Once fully inside, he began to thrust slowly, and I could feel him hitting the depths of me as I tightened around him with each stroke. He let out a groan, and I loved the thought that I was pleasing him. That somehow, in all my inexperience, this moment was not entirely a waste of time for him.
As he began to move, I urged him on. “Faster,” I panted, trying to know my own body and what it was telling me. Gris began to move more vigorously, and I continued to tighten all around him.
My breaths became ragged and I arched into him, trying to feel even more. He began to move with more speed, still focusing patiently on me and my needs. As he moved in and out, he pressed his thumb down against the sensitive area above my entrance, making tiny soft circles into me that made all the nerves in my body stand on edge.
I began to moan loudly, uncontrollably, and just as I was starting to feel the rhythm of my own true pleasure, I think the sounds of me enjoying myself had thrown Gris overboard as I felt him strain into his climax.
Within seconds, he crashed into my chest and I felt his release.

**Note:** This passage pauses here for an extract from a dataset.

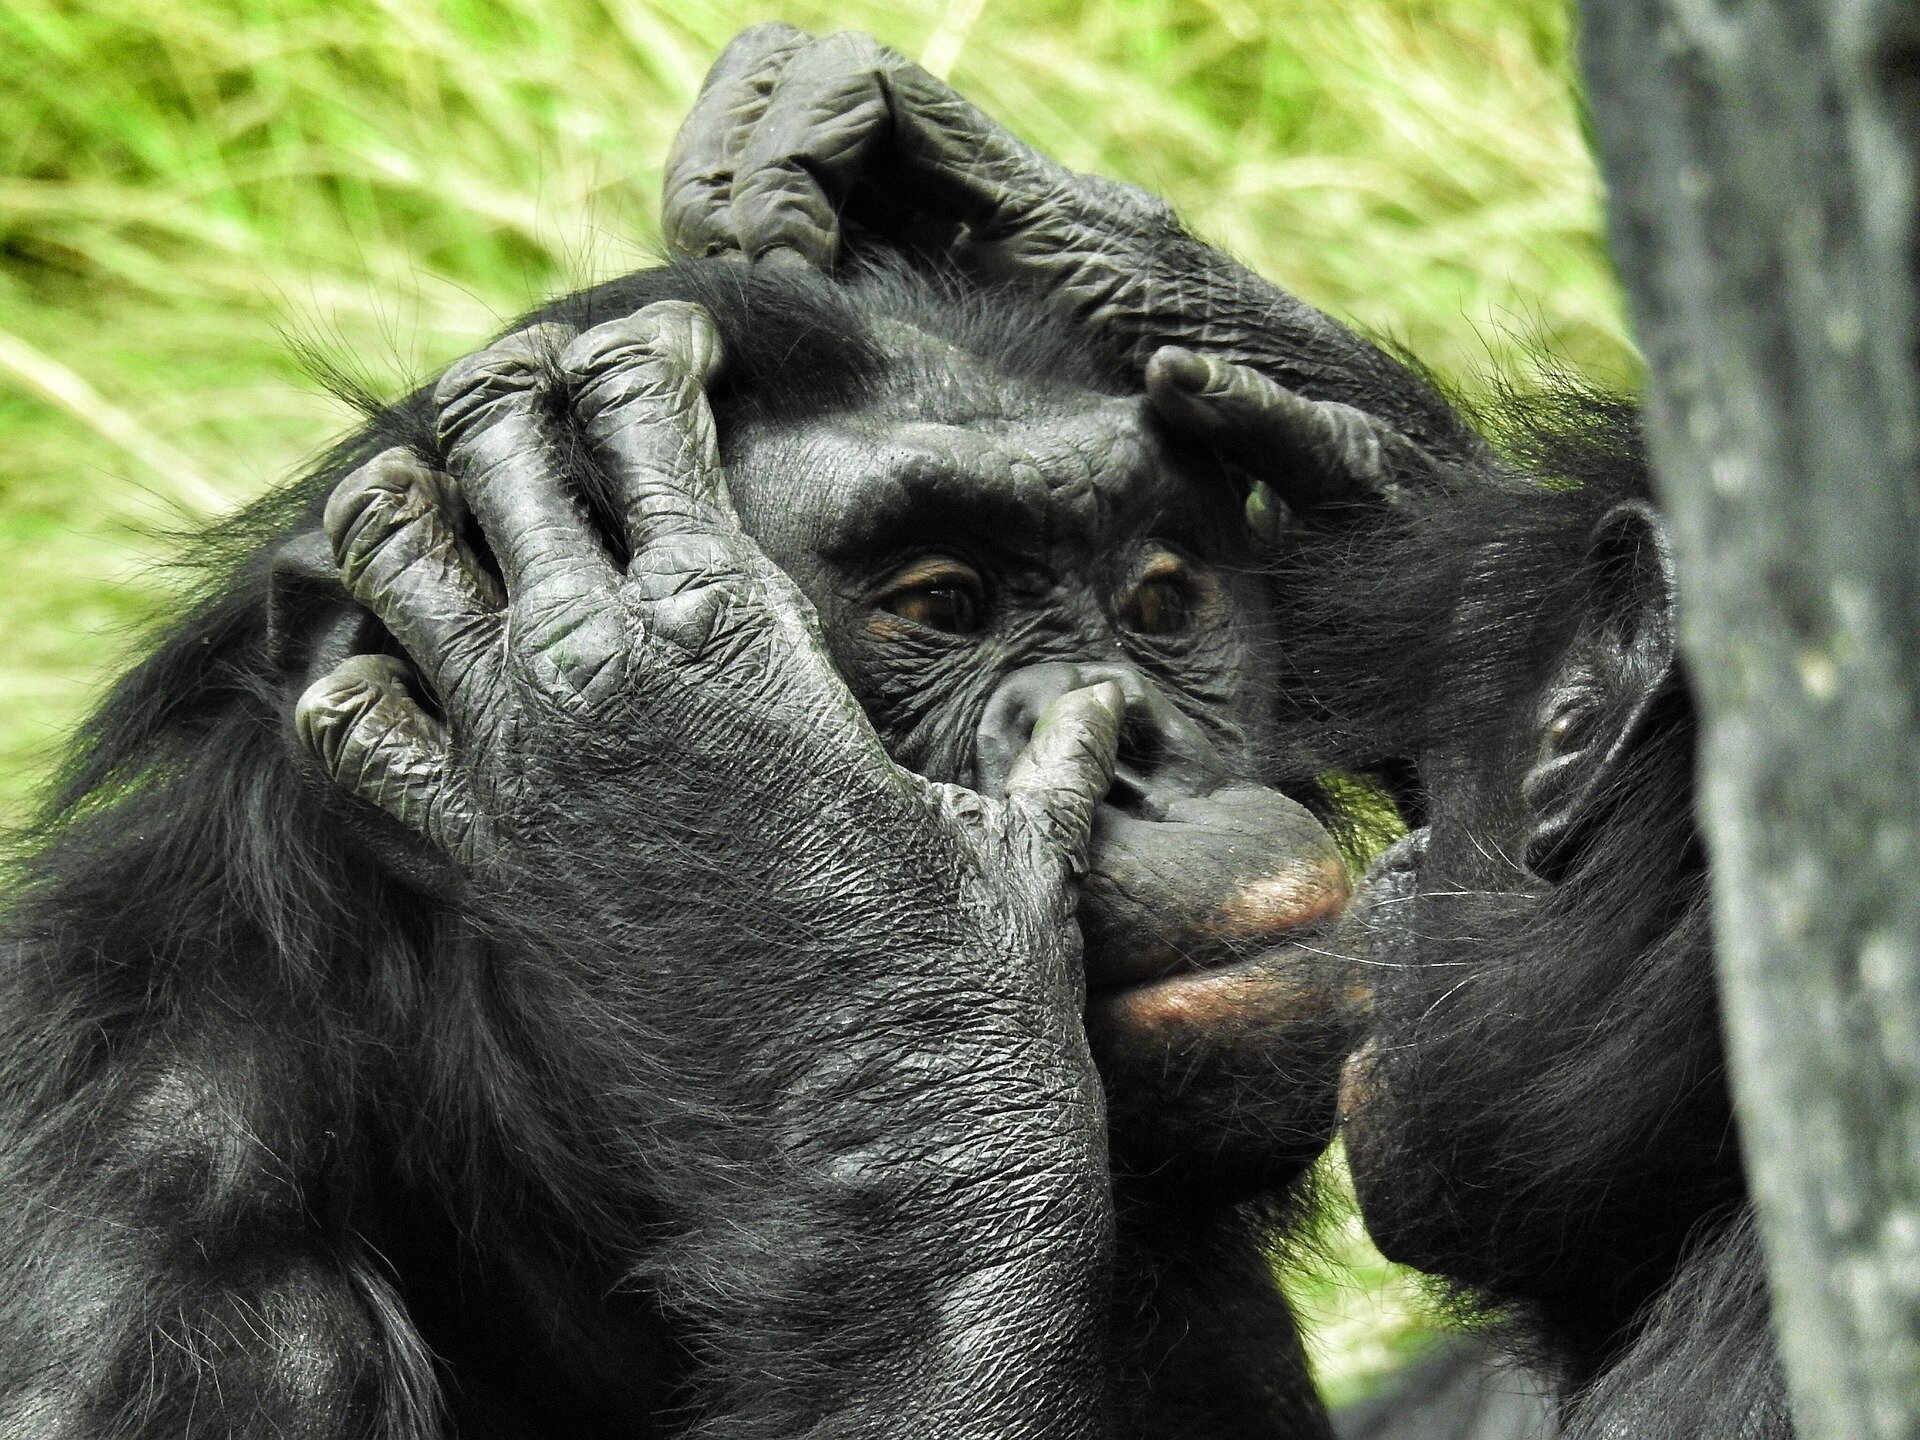 Bonobos, unlike humans, are more interested in the emotions of strangers  than individuals they know

Our overheated bodies crumpled against one another and we lay there for a time, panting until our breaths returned to a normal rhythm. I didn’t know what to do at this point. I just began running my hand through Gris’s messy hair and idly dragging my fingertips along his wide back with the other.
Gris didn’t look up but spoke the words sweetly against my stomach, “Are you okay?”
I cleared my thoughts and tried to focus on evaluating how I felt. I felt sore for sure, but nothing horrible. Logically, I was appreciative of the gentleness, awareness, and enthusiasm with which he handled this entire request.
But emotionally, I was an absolute wreck. I knew how fleeting all of this was. And even though I was happy to check it off the list, that it was finally something I could acknowledge and move past, I couldn’t ignore this closeness I had felt with Gris.
I tried to imagine what it would be like with someone I actually cared for in that way, someone I loved or, even scarier, a true bonded mate.
It was a whole new world I had just opened the door to, and yet my time to explore it seemed limited and pointless. I concealed my internal struggle so as to not give Gris the slightest hint of concern. I would in no way have him thinking that I experienced displeasure in the slightest.
I replied, “It was perfect, Gris. You’re perfect.” And I meant it for so many reasons.
It made no difference that he found his pleasure before I could meet mine. That wasn’t what this was about, and he had made sure to think of all the things that I did not. The only thing that would make it more perfect was if I didn’t have to live with the sinking feeling that I had just lied to one of my best friends.
I felt like I used him for a reason he didn’t truly understand, and that this might as well be a final goodbye because I didn’tknow if I could bring myself to see him again after this. Not if it meant farewell for good.
Gris rolled off of me onto his stomach, and for some reason, we both seemed entirely comfortable just lying around in the nude together. I guess Versa wasn’t lying when she said things like this would only bring you closer. I certainly didn’t expect to ever become this close to Gris—but he was perfect.
He grinned at me and remarked, “I should have made more bargains with you, Cress.”
I gave him a snarky look and shot out my foot to push him off the side of the bed, but he caught it and pulled himself closer to me. The silence between us started to make me nervous, and I focused on keeping up my mental shields now that we both weren’t distracted with each other’s writhing bodies.
“You’re still a great kisser,” he remarked, and I remembered back to that time we had both agreed to “practice” with one another just so that we wouldn’t make fools of ourselves when those that “mattered” came along.